Proxy Components for Scrapy & Gerapy
Project description
Gerapy Proxy
This is a package for supporting proxy in Scrapy, also this package is a module in Gerapy.
Installation
pip3 install gerapy-proxy
Usage
If you have a proxy pool which can provide a random proxy for every request, you can use this package to integrate proxy into your Scrapy/Gerapy Project.
For example, there is a ProxyPool API which can return a random proxy
per time, we can configure GERAPY_PROXY_POOL_URL
setting provided by this package to enable proxy for every Scrapy Request.
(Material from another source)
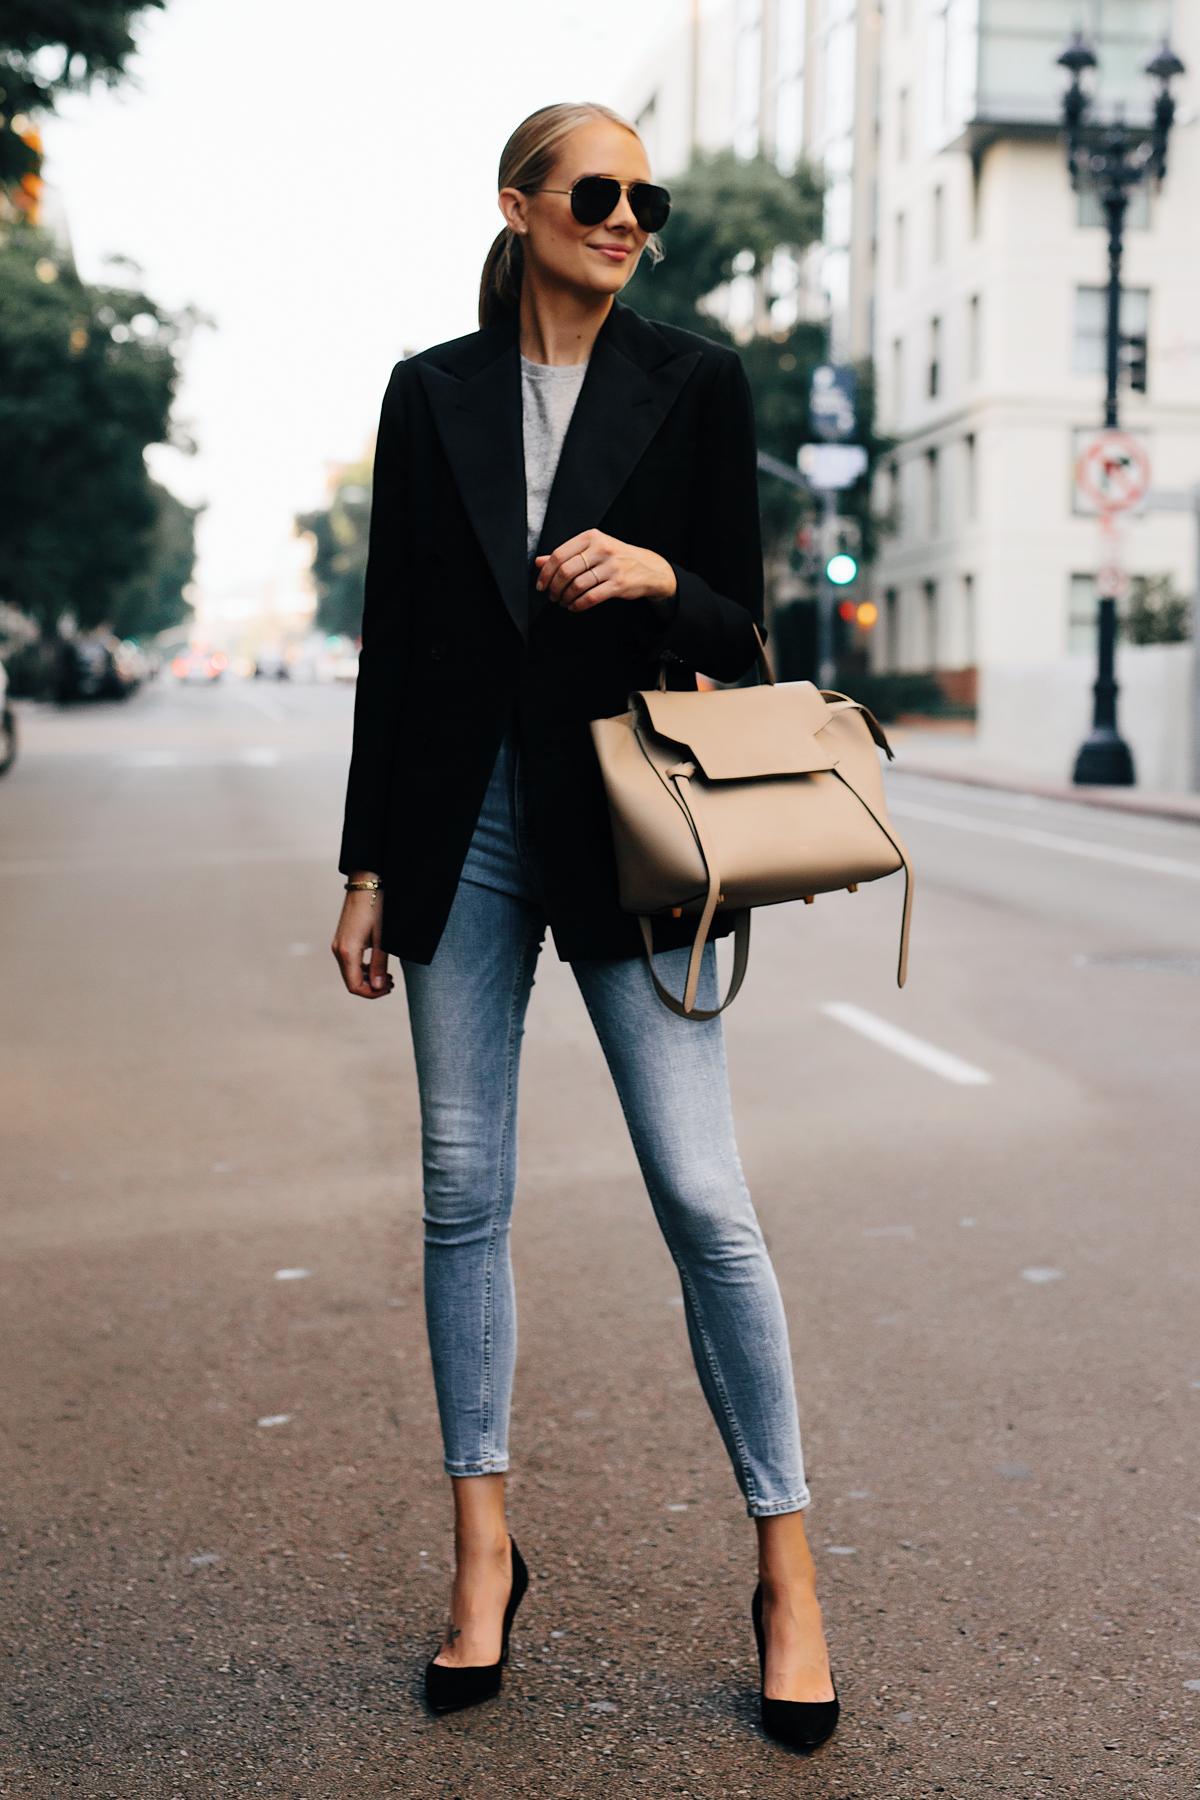 Blonde Woman Wearing Ralph Lauren Polo Black Blazer Grey Tshirt Denim Skinny Jeans Black Heels Outfit Celine Mini Belt Bag Fashion Jackson San Diego Fashion Blogger Street Style

To use this package, firstly install it by this command:
pip3 install gerapy-proxy
Then enable it in DownloadMiddleware:
DOWNLOADER_MIDDLEWARES = {
'gerapy_proxy.middlewares.ProxyPoolMiddleware': 543,
}
and add proxy url in settings:
GERAPY_PROXY_POOL_URL = 'https://proxypool.scrape.center/random'
This ProxyPool is configured based on this ProxyPool repo, you can also build your own ProxyPool service.
Now, you've finished it.
The ProxyPoolMiddleware
will firstly fetch a proxy from GERAPY_PROXY_POOL_URL
and set meta.proxy
attribute
to Scrapy Reqeust.
Configuration
Basic Auth
If your ProxyPool has Basic Auth, you can enable it by configuring these settings:
GERAPY_PROXY_POOL_AUTH = True
GERAPY_PROXY_POOL_USERNAME = <username>
GERAPY_PROXY_POOL_PASSWORD = <password>
Min Retry Times
If you want to enable Proxy depends on the retry times, you can configure this settings:
GERAPY_PROXY_POOL_MIN_RETRY_TIMES = 2
Then proxy will only work if the retry times of Request greater or equal than 2.
Random Enabled
If you want to enable the proxy randomly, you can configure the probability of enabling it:
GERAPY_PROXY_POOL_RANDOM_ENABLE_RATE = 0.8
Then probability of enabling the proxy is 80%, if you configure it to 1, proxy will always be enabled.
Fetch Timeout
You can also configure the max time of fetching proxy from ProxyPool:
GERAPY_PROXY_POOL_TIMEOUT = 5
After configuring this, if Proxy Pool does not return result in 5s, proxy will not be used.
ProxyPool Response Parser
Your ProxyPool may not return the same format as this in plain text, you can also define a parser to extract proxy from your ProxyPool.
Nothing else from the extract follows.